**Required work**
Write out, please, each line from the one containing "Cavite Province" to the final line of the data, both included, exactly and without pictures.

**Data below**
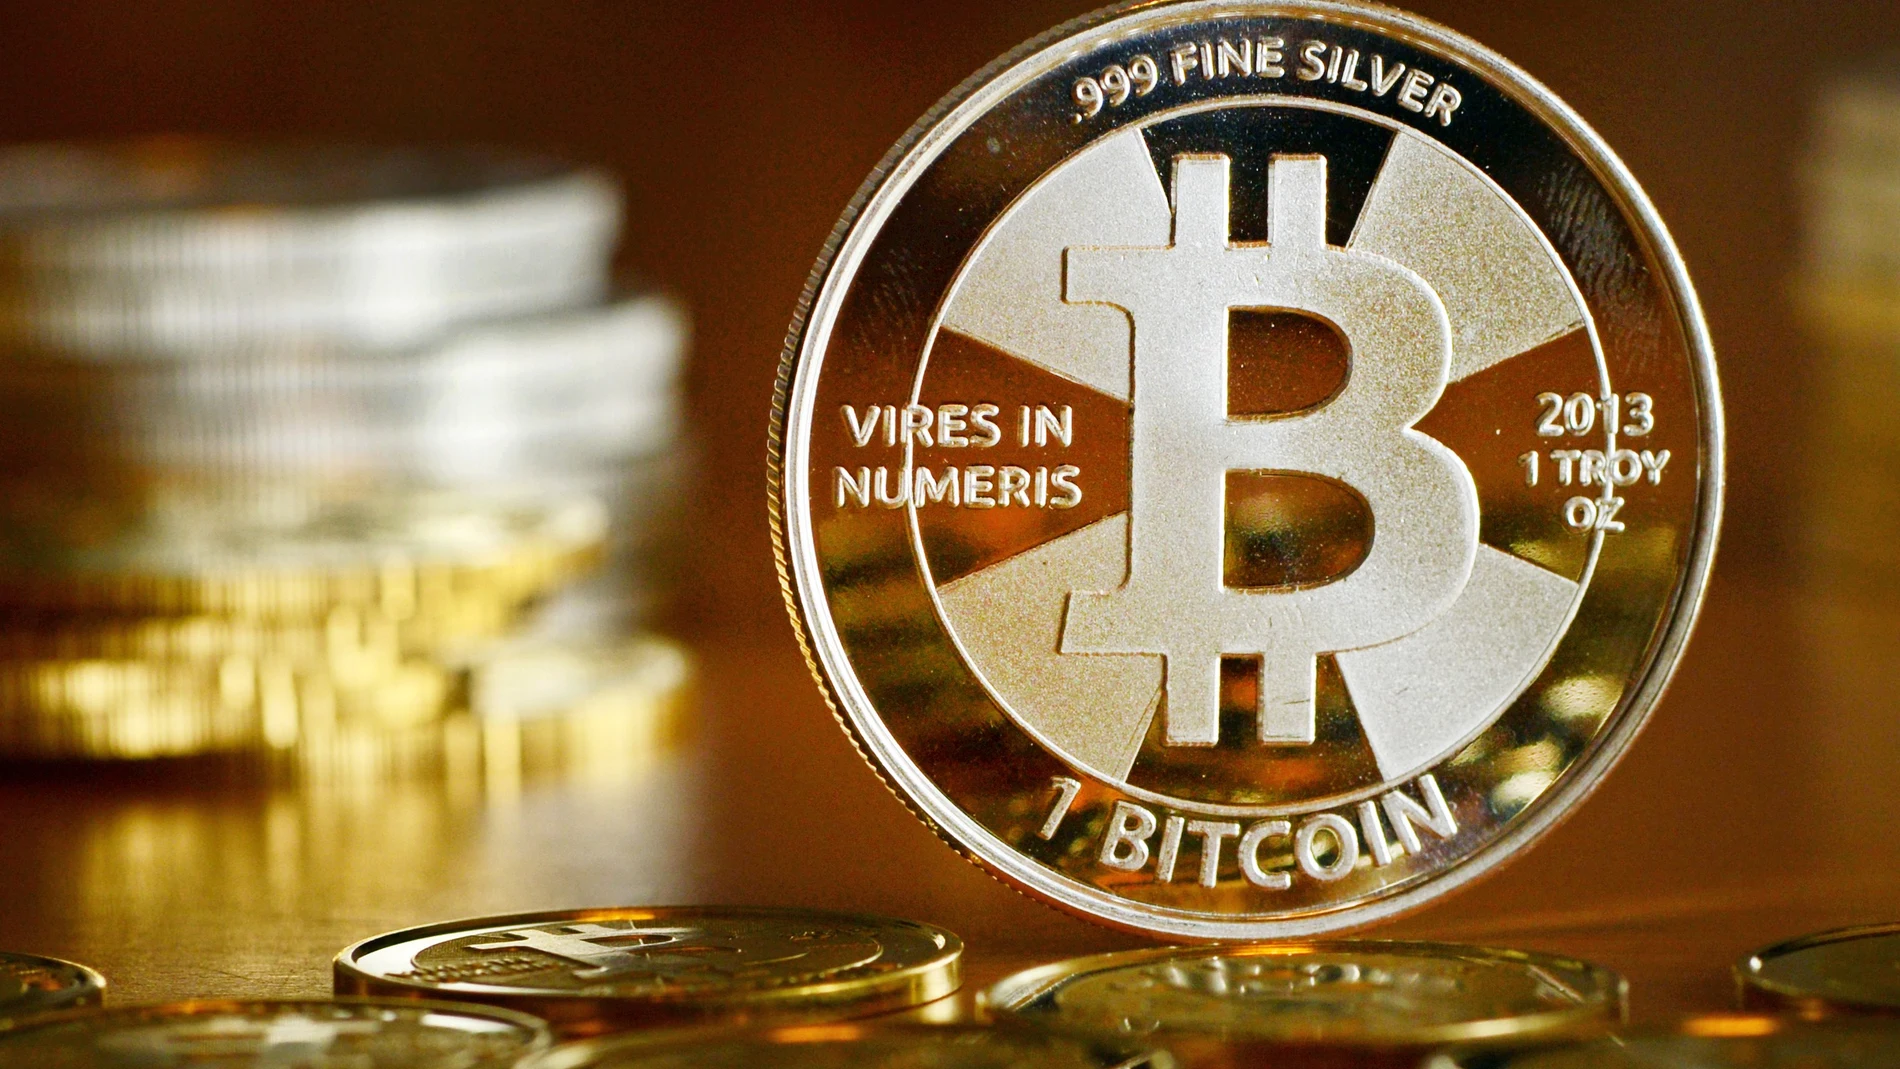 Vista general de una moneda con el logotipo de la criptomoneda Bitcoin en una tienda de monedas
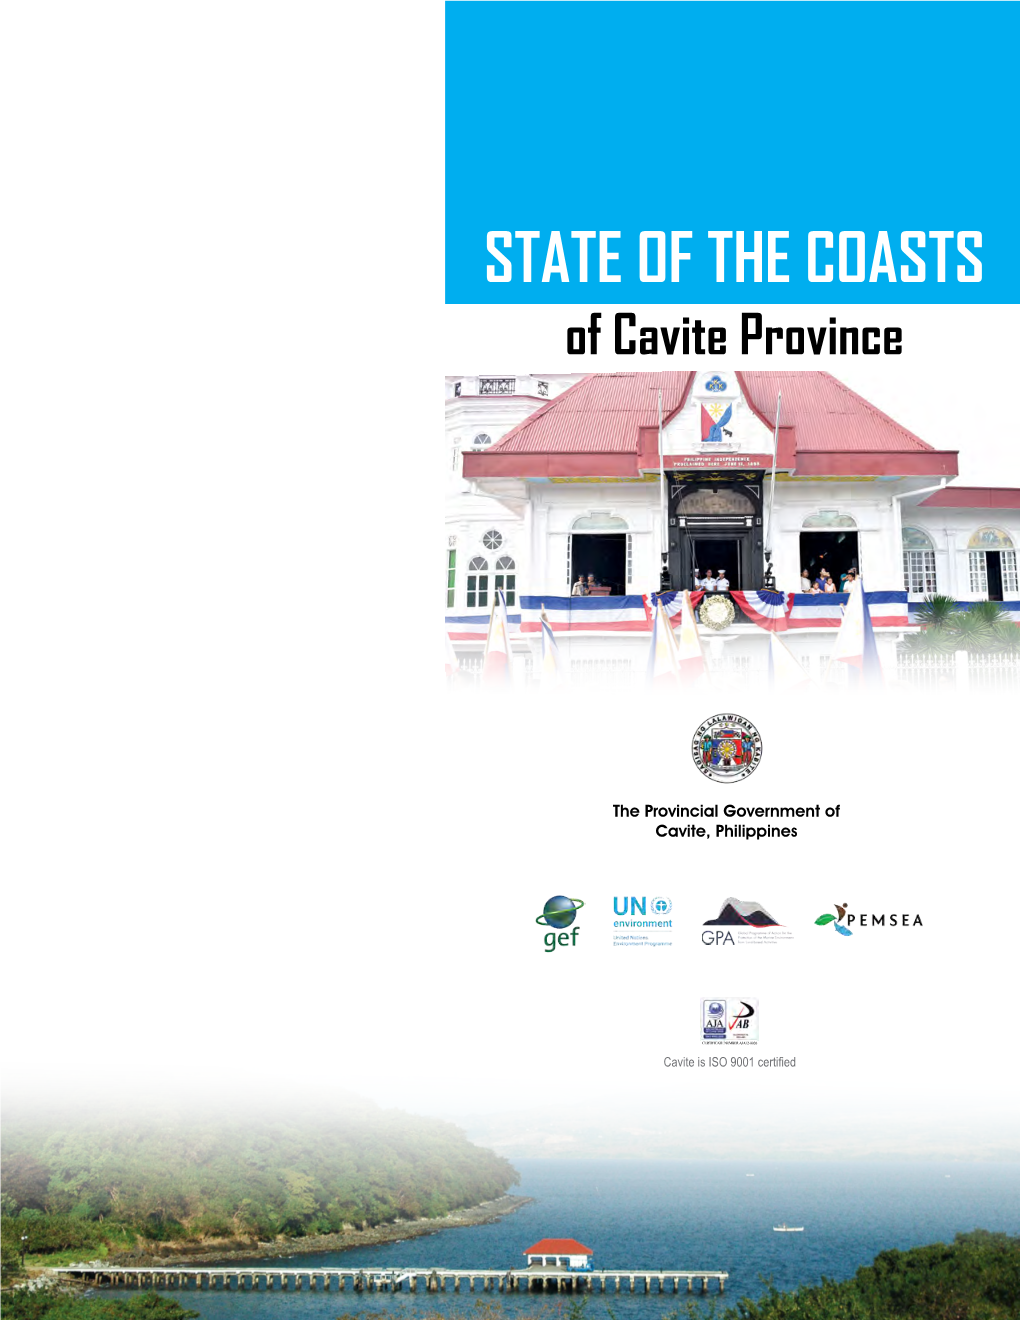 Cavite Province
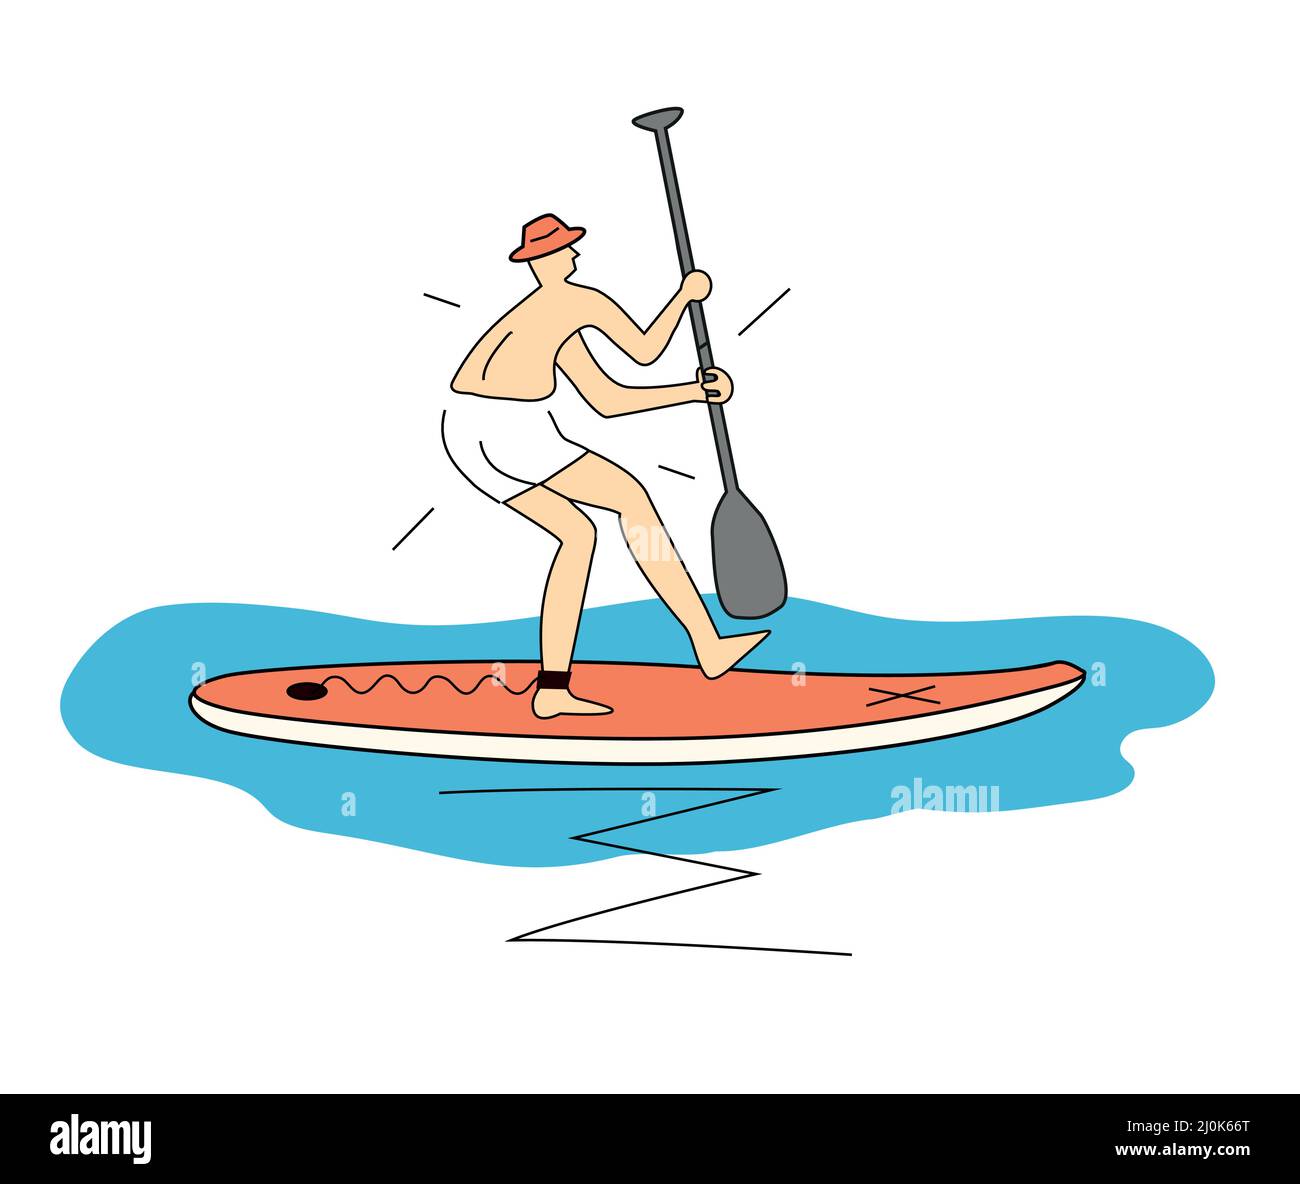 Principiante divertido en tabla de surf de remo, dibujos animados. Estilizada ilustración simple de hombre asustado divertido con sombrero montando en un tablero de remo. Diseño de camiseta. Vector ava Ilustración del Vector
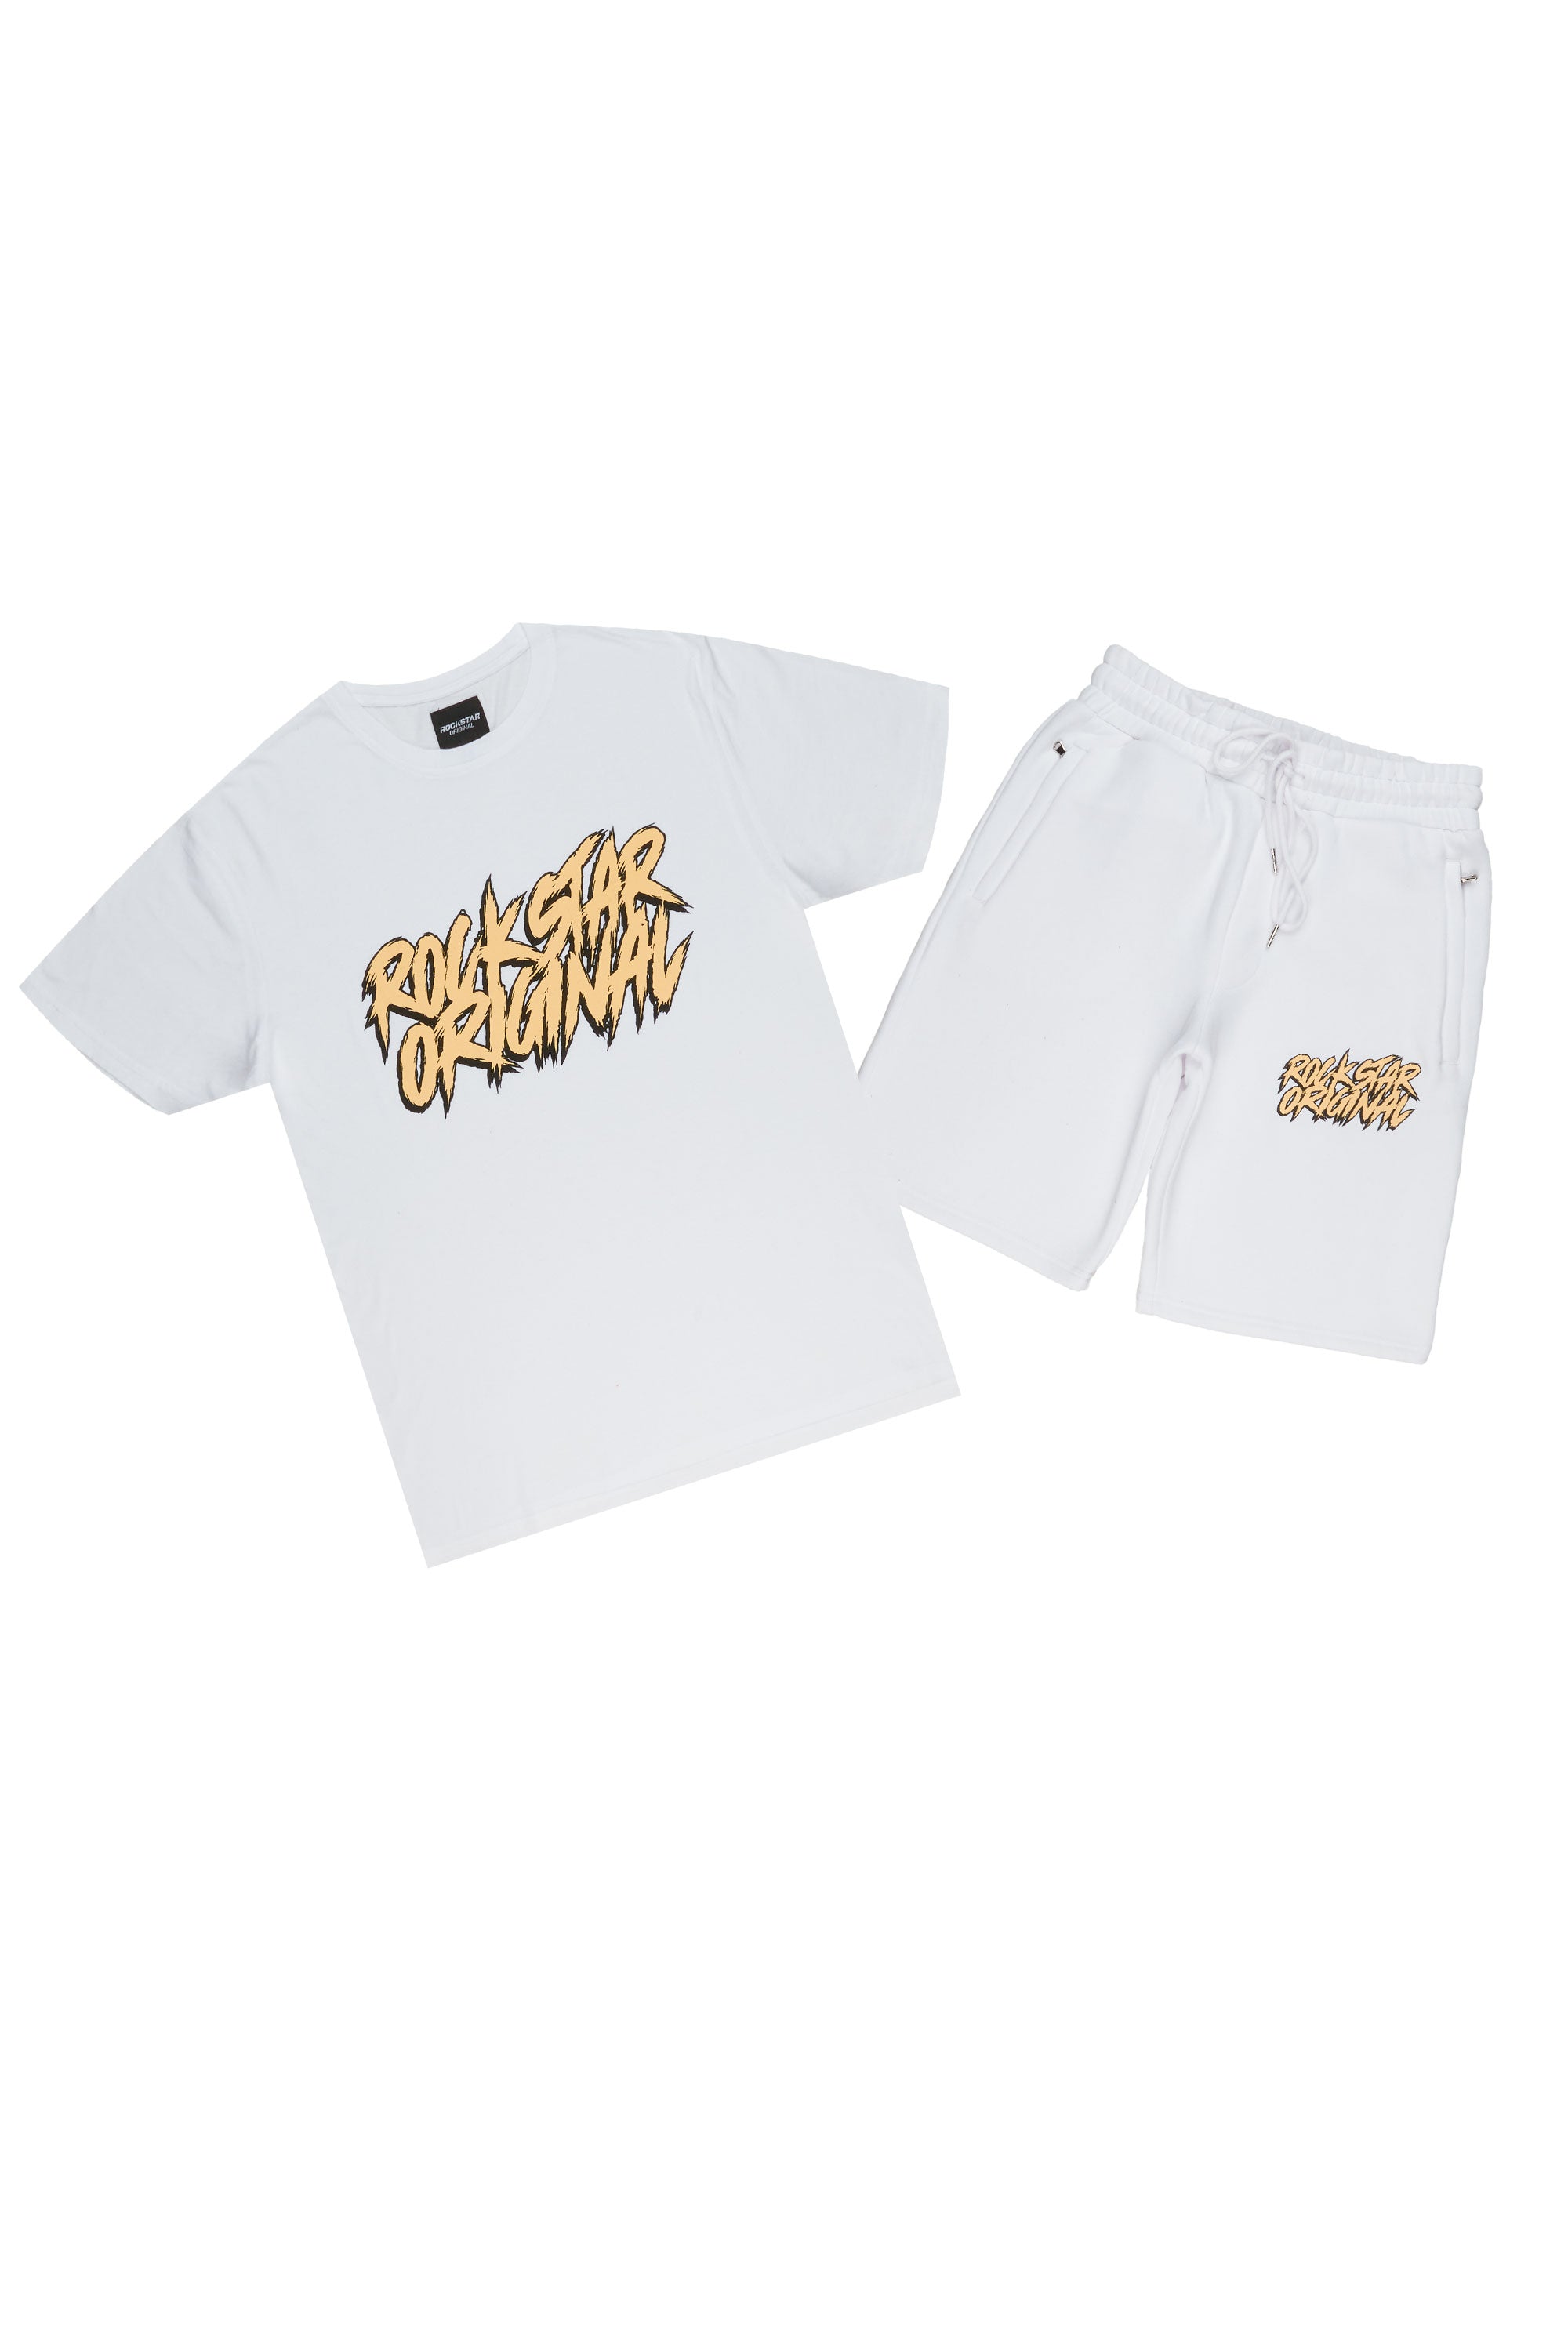 Zustrand White T-Shirt Short Set

**Task solution**
 Cavite Province
 Principiante divertido en tabla de surf de remo, dibujos animados. Estilizada ilustración simple de hombre asustado divertido con sombrero montando en un tablero de remo. Diseño de camiseta. Vector ava Ilustración del Vector
 Zustrand White T-Shirt Short Set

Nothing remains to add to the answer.